Generate board trajectory appropriate for the real rig geometry.

The real rig has cameras at Z ≈ 0 with water surface at Z ≈ 1.03 m, so the board should be below the water surface (default 1.1–2.0 m, i.e. ~70–970 mm below the surface).

Trajectory covers the full field of view:

Positions sweep across the ~1.3 × 1.2 m footprint of the camera array
Ensures connectivity by visiting regions seen by multiple cameras

Parameters:

n_frames (int) – Number of frames to generate
depth_range (tuple[float, float]) – (min_z, max_z) for board center in world coords
seed (int) – Random seed

Returns:

List of BoardPose objects

Return type:

list[BoardPose]

aquacal.datasets.synthetic.generate_dense_xy_grid(depth, n_grid=7, xy_extent=0.5, xy_center=(0.0, 0.0), tilt_deg=3.0, frame_offset=0, seed=42)[source]¶

Generate board poses at a regular XY grid at a fixed depth.

Used for dense spatial coverage in reconstruction evaluation and heatmaps. Each grid position has a small random tilt and random in-plane rotation.

Parameters:

depth (float) – Z coordinate for all board poses (meters)
n_grid (int) – Number of grid positions per axis (total poses = n_grid^2)
xy_extent (float) – Grid spans from -xy_extent to +xy_extent around xy_center in X and Y (meters)
xy_center (tuple[float, float]) – (x, y) center of the grid (meters). Should match the centroid of the camera array for best coverage.
tilt_deg (float) – Maximum random tilt from horizontal (degrees)
frame_offset (int) – Starting frame index (default 0)
seed (int) – Random seed for reproducible tilts and rotations

Returns:

List of n_grid^2 BoardPose objects with frame indices starting from frame_offset.

Return type:

list[BoardPose]

aquacal.datasets.synthetic.generate_synthetic_detections(intrinsics, extrinsics, water_zs, board, board_poses, noise_std=0.0, min_corners=8, seed=42)[source]¶

Generate synthetic detections by projecting through refractive interface.
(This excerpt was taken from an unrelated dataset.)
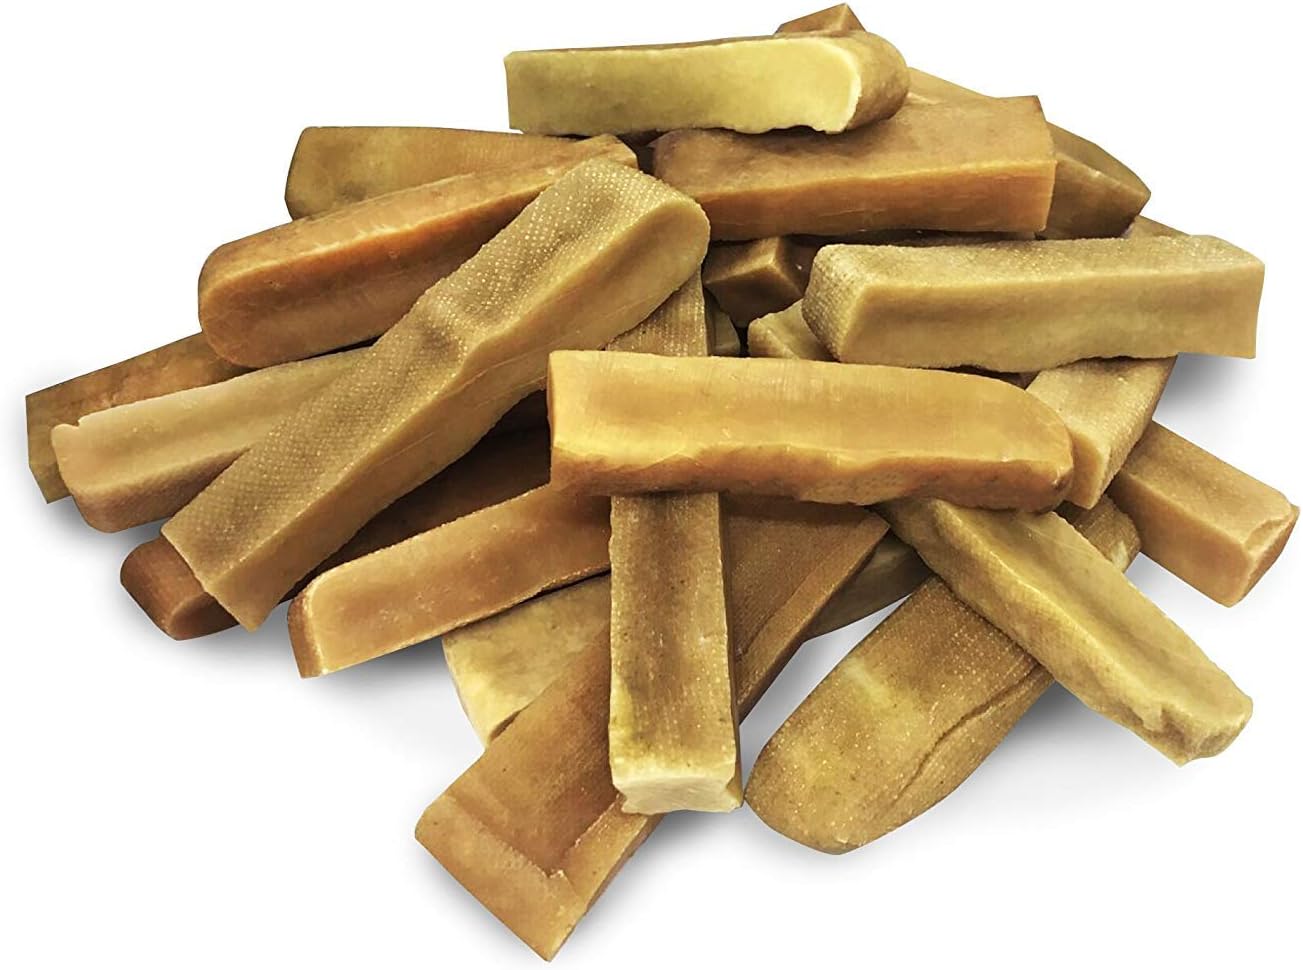 EcoKind Pet Treats Gold Himalayan Yak Cheese Dog Chew, Yak Dog Treats for Active Chewers, 100% Natural & Healthy Chew Sticks for Small & Large Dogs, Assorted Set of Big & Small Yak Chews (4 Sticks) : Pet Supplies

For each board pose and camera: 1. Transform board corners to world coordinates 2. Project each corner through refractive interface 3. Add Gaussian noise to pixel coordinates 4. Filter corners outside image bounds 5. Only include camera if >= min_corners visible

Parameters:

intrinsics (dict[str, CameraIntrinsics]) – Per-camera intrinsics
extrinsics (dict[str, CameraExtrinsics]) – Per-camera extrinsics
water_zs (dict[str, float]) – Per-camera interface distances
board (BoardGeometry) – Board geometry
board_poses (list[BoardPose]) – List of board poses
noise_std (float) – Gaussian noise standard deviation (pixels)
min_corners (int) – Minimum corners for valid detection
seed (int) – Random seed for noise

Returns:

DetectionResult matching format from real detection pipeline

Return type:

DetectionResult

aquacal.datasets.synthetic.compute_calibration_errors(result, ground_truth)[source]¶

Compare calibration result to ground truth.

Computes: - focal_length_error_percent: Max relative error in fx, fy - principal_point_error_px: Max error in cx, cy - rotation_error_deg: Max rotation error across cameras - translation_error_mm: Max translation error across cameras - water_z_error_mm: Max interface distance error

Parameters:

result (CalibrationResult) – Calibration result from pipeline
ground_truth (SyntheticScenario) – Synthetic scenario with known truth

Returns:

Dict of error metrics

Return type:

dict[str, float]

aquacal.datasets.synthetic.create_scenario(name, seed=42)[source]¶

Create a predefined test scenario with complete ground truth.

Available scenarios:

'ideal': 4 cameras, 20 frames, 0 noise — verify math correctness
'minimal': 2 cameras, 10 frames, 0.3 px noise — edge case
'realistic': 12 cameras matching actual hardware, 30 frames, 0.5 px noise

All presets use the same ChArUco board (12x9 squares, 60 mm square size, 45 mm marker size, DICT_5X5_100).

Parameters:

name (str) – Scenario name ('ideal', 'minimal', or 'realistic')
seed (int) – Random seed for reproducibility

Returns:

SyntheticScenario with complete ground truth (intrinsics, extrinsics, interface distances, board poses).

Raises:

ValueError – If scenario name is not recognized.

Return type:

SyntheticScenario

Examples

>>> from aquacal.datasets import create_scenario
>>> scenario = create_scenario('ideal')
>>> print(f"{len(scenario.intrinsics)} cameras, {len(scenario.board_poses)} frames")
4 cameras, 20 frames
>>>
>>> scenario = create_scenario('realistic')
>>> print(f"{len(scenario.intrinsics)} cameras")
12 cameras